Saints Row is an admirable franchise. Undoubtedly the game started as a means to capitalise on the success of the Grand Theft Auto series, but has since evolved into an entirely different beast. The original was relatively straight faced, and featured ultra-serious gangsters doing their gangster business; the first sequel embraced the sillier aspects that crept into that first while drastically improving the side mission content. However, watching just one of the promotional videos for ‘The Third’ will tell you that any attempts to ape GTAs sincerity have been wholly abandoned.
This game is absolutely fucking nuts.
Volition waste no time in establishing this new, entirely mental status quo. The first couple of missions see you rob a bank while dangling from a helicopter, free fall through the sky, all before shooting out Belgian gangsters on planes. The concise set of story missions keep this insanity going, with new and old gimmicks being melded together to ensure that every single one of them feels like a fresh experience.
Truthfully though, you probably already knew that Saints Row The Third was going to be a wild ride. By now you’ll have read enough about it to expect tigers in cars, dildo swords and even zombies. If you think it sounds like a chaotic recipe, then you thought right. Is it good chaos? Yes, and here’s why.
Almost without fail, Saints Row gives you the tool you both want and need to have fun. It doesn’t just throw mad crap at the wall and hope that some of it sticks. While playing each of the missions you get the sensation that you are being catered for. You don’t get the opportunity to think “it would be cool if” because Volition have already given you the remote control drone and told you to unleash hell from above. It shows a great understanding of what gamers like, and their short attention spans. Its an understanding that is transferred into constantly pleasing game design.

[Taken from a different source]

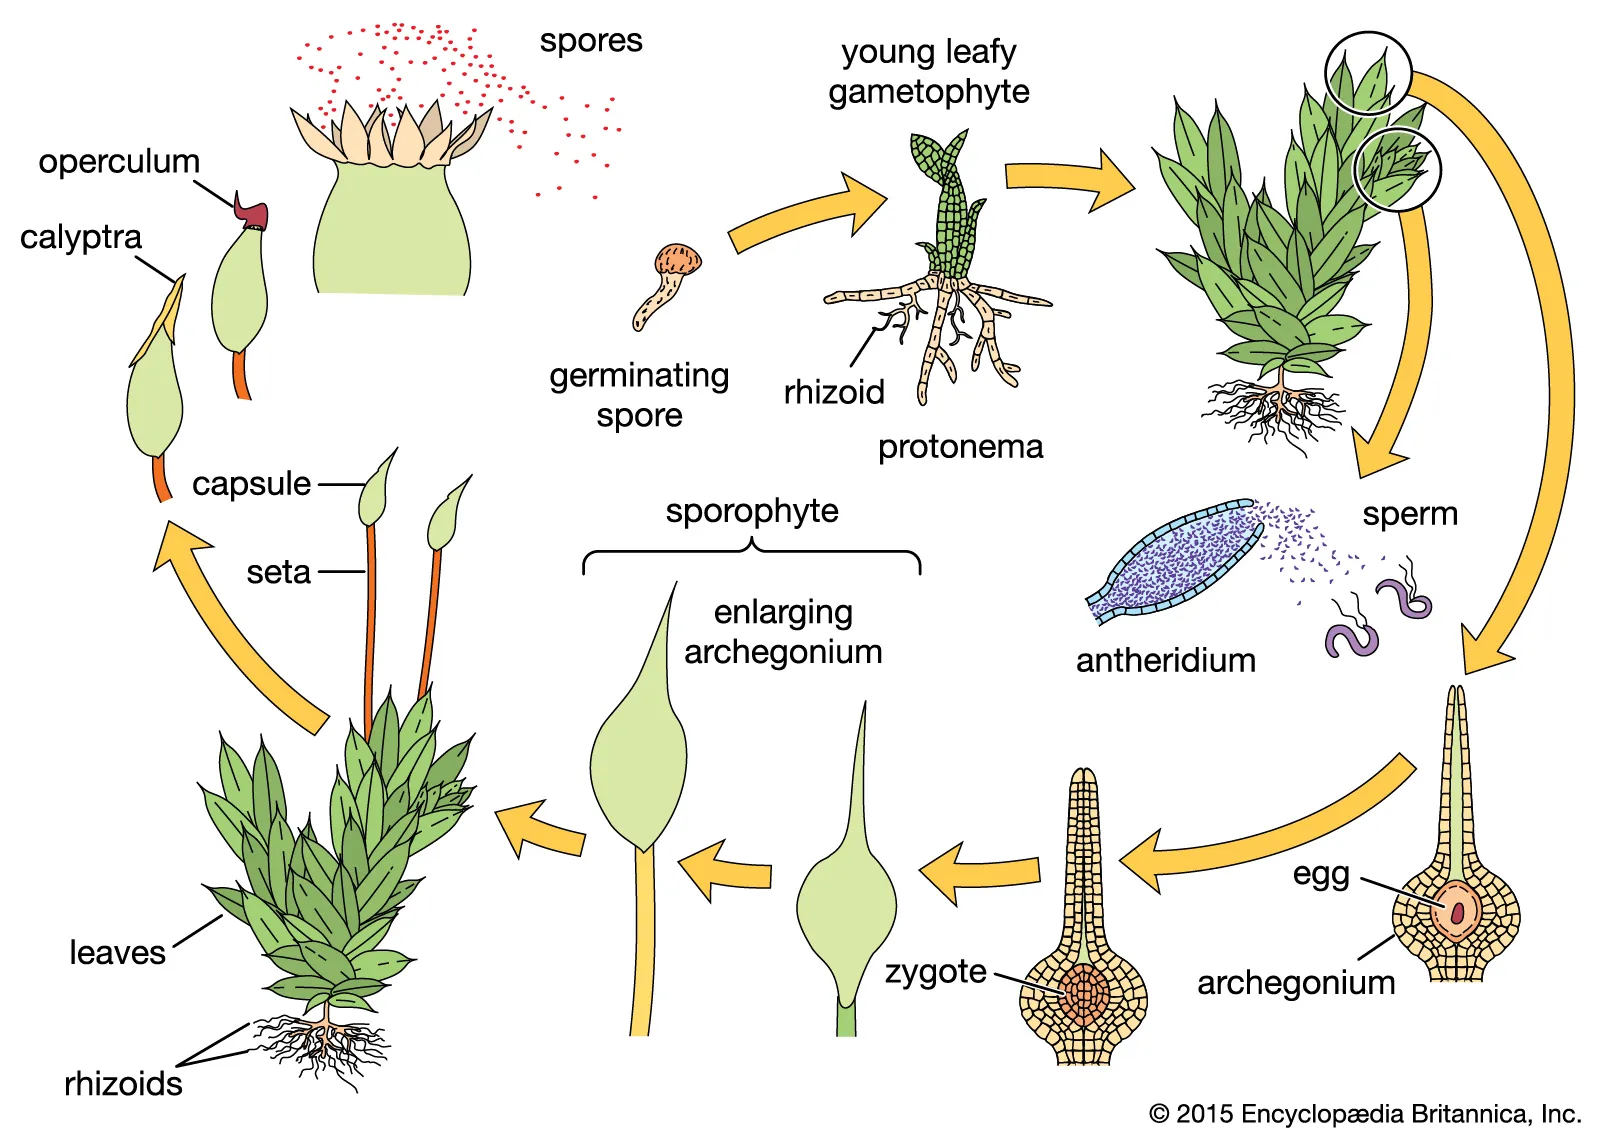 <ul><li><p>capsule: sporangium (makes spores using meiosis)</p></li><li><p>spores grow into protorema (1st cell of gametophyte)</p></li></ul>

If anything, the developers go above and beyond, anticipating your desires and delivering them before you’ve thought of them yourself. You’re awarded a helicopter early on, something that I found surprising, because they seem to know that you wanted one. They also seem to know that you wouldn’t mind a hover bike, or causing guys to implode with a sonic cannon.
I found it almost impossible not to have a gargantuan smile on my face while playing. At the same time, it’s a tough job to juggle all of this variety and keep the quality consistent across the board. From time to time it feels as though an idea has been cobbled together, and the care behind it lost in the process of trying to execute it. The Tron pastiches introduced through one of the games gangs, the Deckers, is probably the weakest content in the game, with much of it feeling like reskins of stuff found elsewhere.
The side missions seem to have struggled to keep up with the rapid evolution of the main story missions too. Most of your favourite activities have returned, but there’s not an awful lot that’s new. I found myself lacking the motivation to actually go and seek it out. It strikes me that the developers may well have been aware of the game’s weakness in this area, as they no longer demand that you carry out activities before unlocking main story content.
The game’s biggest sin comes in the form of its final mission. The insane levels of player gratification are dropped in favour of a mindless killing slog, before you are dumped into a very bizarre final sequence that is amusing in concept but poorly executed. I was shaking my head throughout, wondering how Volition managed to completely abandon its development ideology in the closing stages.
Still, it was the only really bad thing about the game. The cycle of earning money, spending it on upgrades and customisations, while growing your influence and control over the city is something that you can get wrapped up in. Bit by bit, the game’s perfectly sized city of Steelport succumbs to the influence of the Third Street Saints. It’s great to look out from a high point – probably using your hover bike to get there – and see the impact of your play. Towering purple buildings, those of rival gangs destroyed, and more blinged out pals than you could ever want.
Co-op is included, and a horde mode titled Whored Mode. However, competitive multiplayer has been removed which might irk a few fans. There’s more than enough content here though, and as a value proposition it’s definitely a sensible purchase. It’s probably the best sandbox ever created, usurping GTA: San Andreas. You’ll come back time and again, just to faceplant a pedestrian into cold, hard concrete. Yeah, faceplant.